Each PhD candidate now gets to choose whether he or she wants to hold the PhD ceremony online or on campus still. Until April 6, the dean of the department in question had to make a decision about that. Koenraad: “Now that we’ve gotten further along in this process and had some positive experiences with the online defense of graduation projects by our Master’s students and PDEng’s, who already started doing it online immediately, we want to deal with it a bit more relaxed. It’s their party too after all, so we let them decide. The deans will actively approach the PhD candidates for this in the coming days. It was also decided that PhD candidates should once again have the possibility to request a date for the ceremony at the Office of Doctoral Presentations and Academic Ceremonies.”

Sufficient accommodation

Five online doctoral presentations took place already by now, Koenraad says. According to him almost forty doctoral presentations were scheduled to take place in the period up to the summer holiday. “In total about twenty of these will take place online. We’ve already taken some steps to ensure that we have sufficient accommodation once it becomes possible again to organize the ceremony on campus. We want to prevent people from having to wait too long for their doctoral presentation.”
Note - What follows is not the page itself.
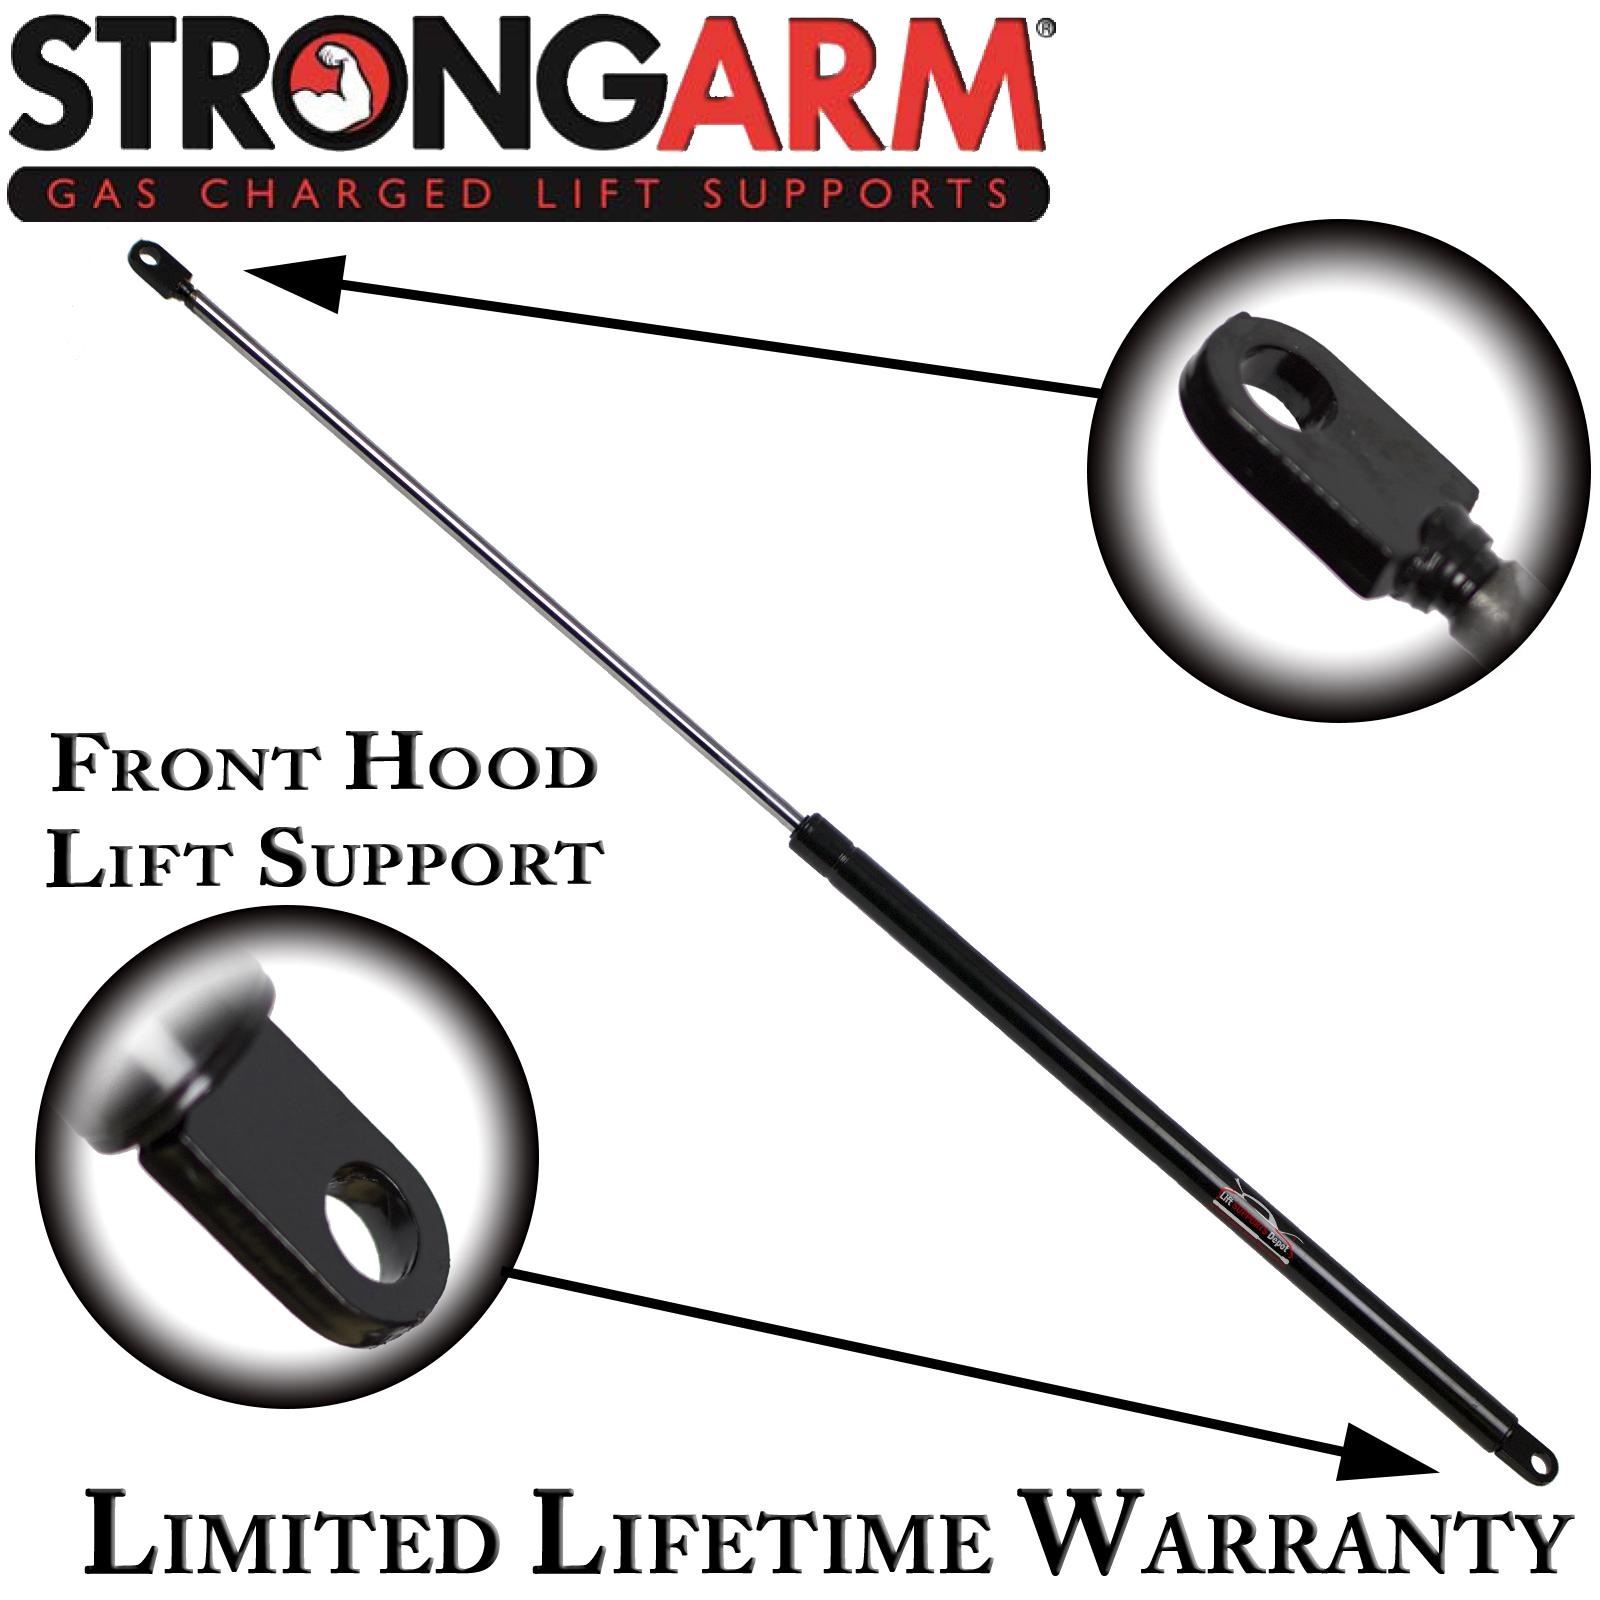 StrongArm 4687 Hood Lift Support

Naturally, the online ceremony is much more sober than the one held on campus. Koenraad: “It’s an online meeting between the PhD candidate and the members of the doctoral committee. Besides the supervisor and co-supervisor at least four committee members need to take part. The committee’s secretary keeps the time and loudly says ‘hora est’ when the hour is over, which is then repeated by the committee’s chairman. Family and friends can’t join in online unfortunately during this ceremony.” But Koenraad says that the university is looking into ways how to make this possible.